With immersion, the field researcher sees from the inside how people lead
their lives, how they carry out their daily rounds of activities, what they find
meaningful, and how they do so. In this way immersion gives the fieldworker
access to the fluidity of others’ lives and enhances his sensitivity to
interaction and process. (Emerson 2)
OurStory’s students will practice immersion by actively participating in the lives of the
people they are interviewing. They will spend a significant portion of their trip following
their stories’ subjects and being a part of the things they do. By doing this, the students will
be actively “learning to recognize and limit reliance upon preconceptions about members’
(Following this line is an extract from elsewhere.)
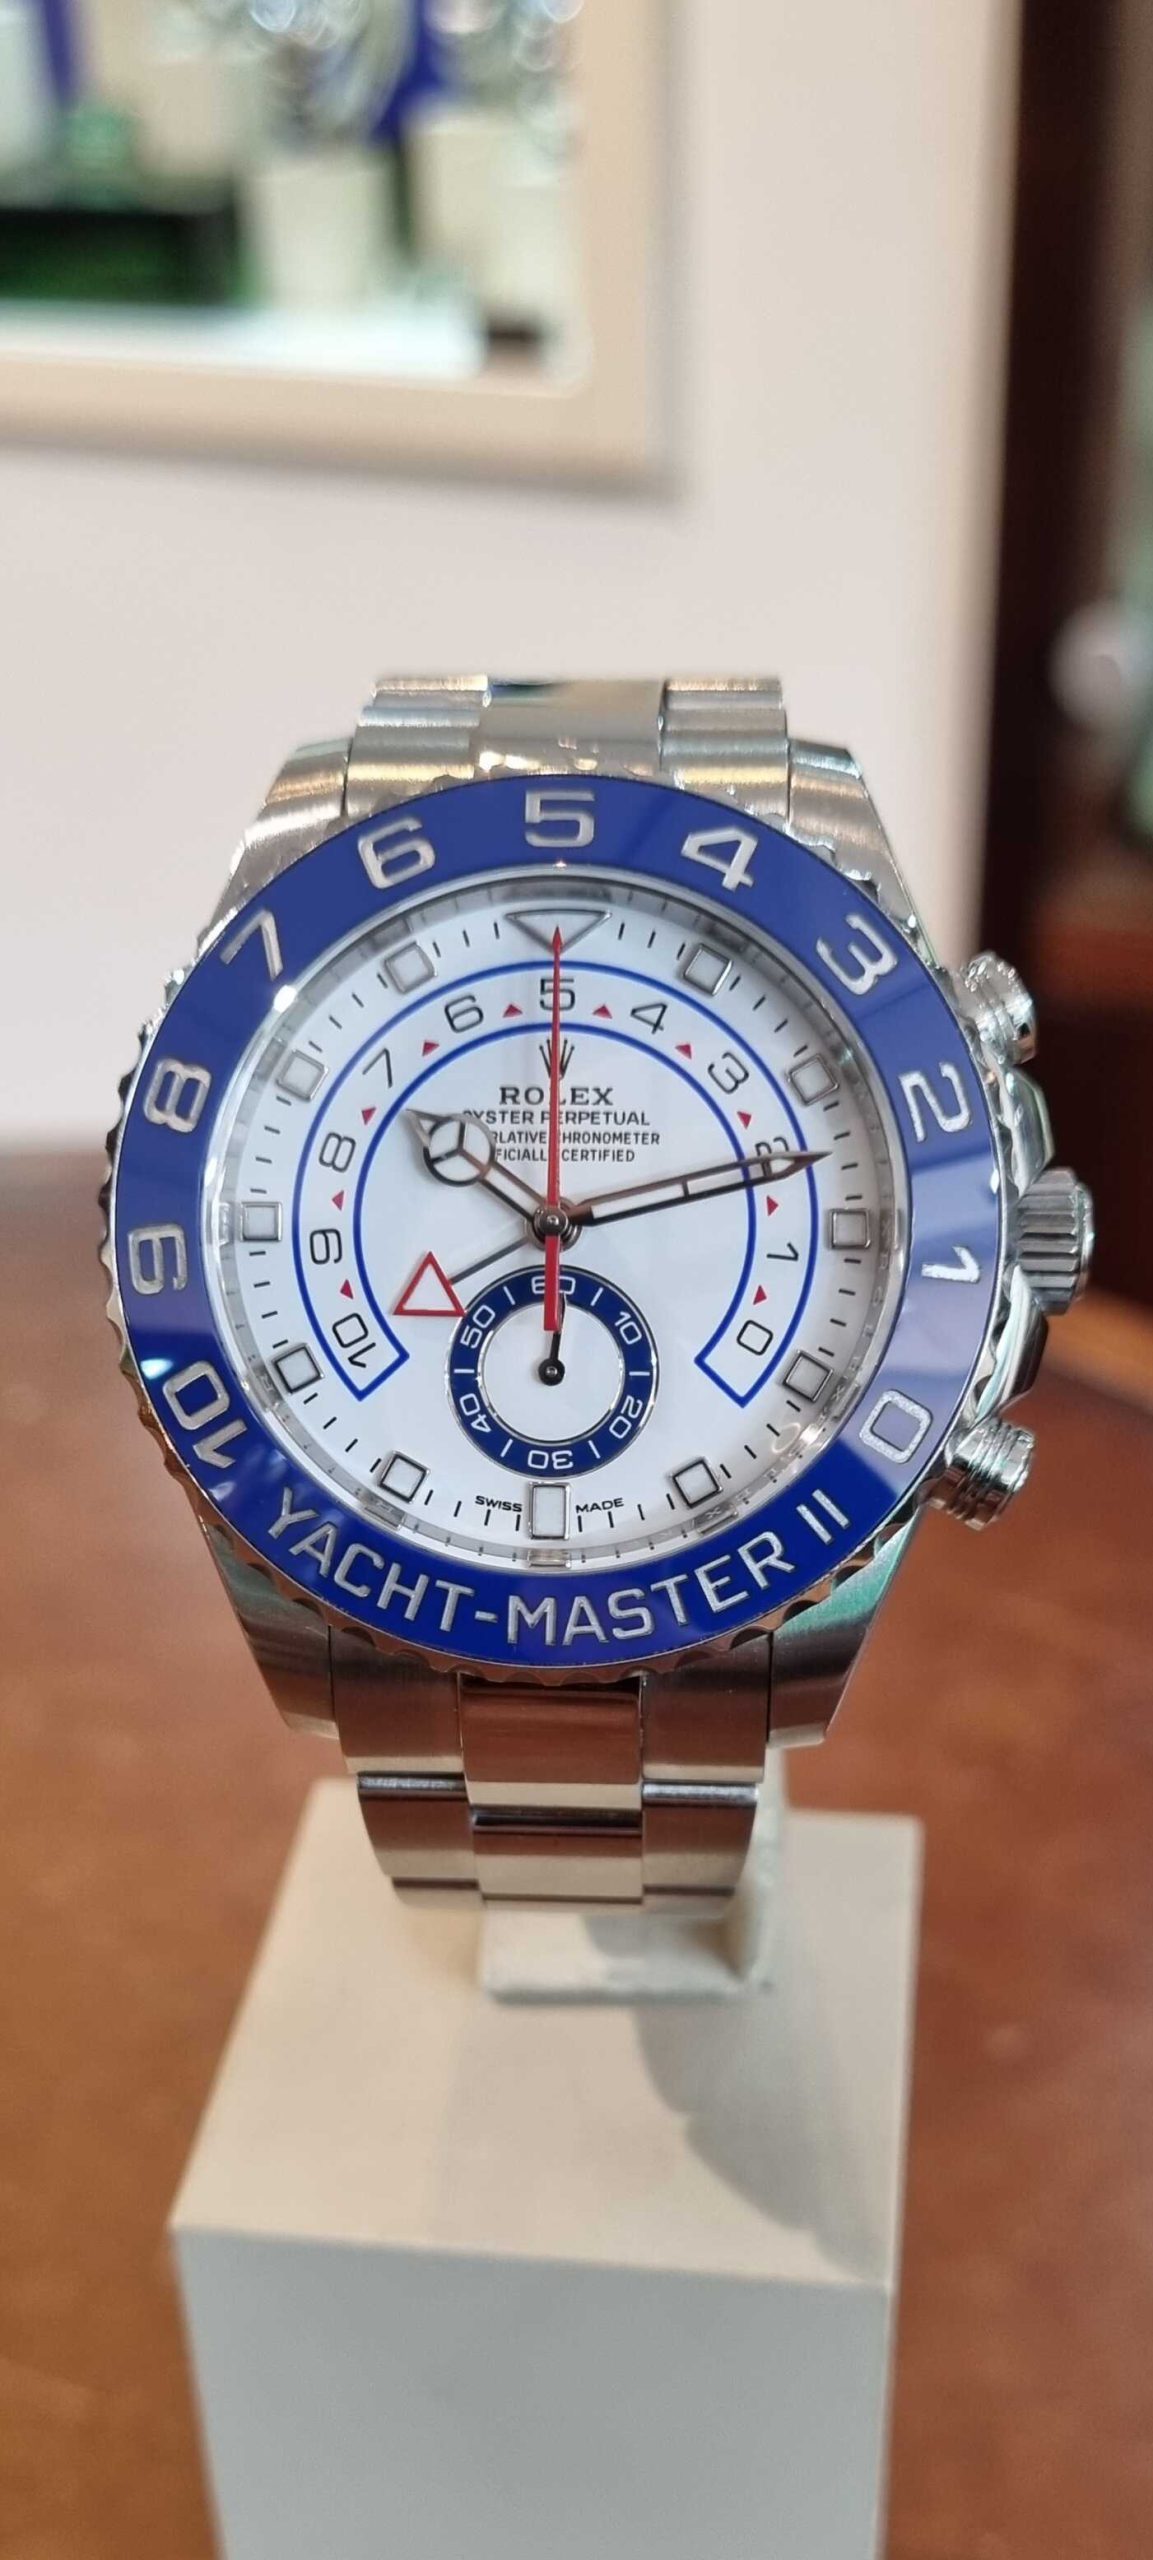 Rolex Yacht Master 40mm Platinum & Blue Dial - Gothelf A. Watches

lives and activities“ (Emerson 9). In order to ensure that they preserve as much
information about their interviewee as possible, OurStory’s students will be required to
record field notes.
These field notes will consist of descriptions of settings and activities, transcriptions
of conversations, personal observations, and more. Each student will write their notes in a
manner that makes sense to them and will benefit them when they sit down to write the
story at a later time. Although these field notes will vary in many ways, our artists will be
trained to ensure that their notes preserve the actuality of their situation. It is essential that
OurStory’s students record unbiased observations at the field note stage because the field
note document is the first instance of the story’s textualizaton (Emerson 16).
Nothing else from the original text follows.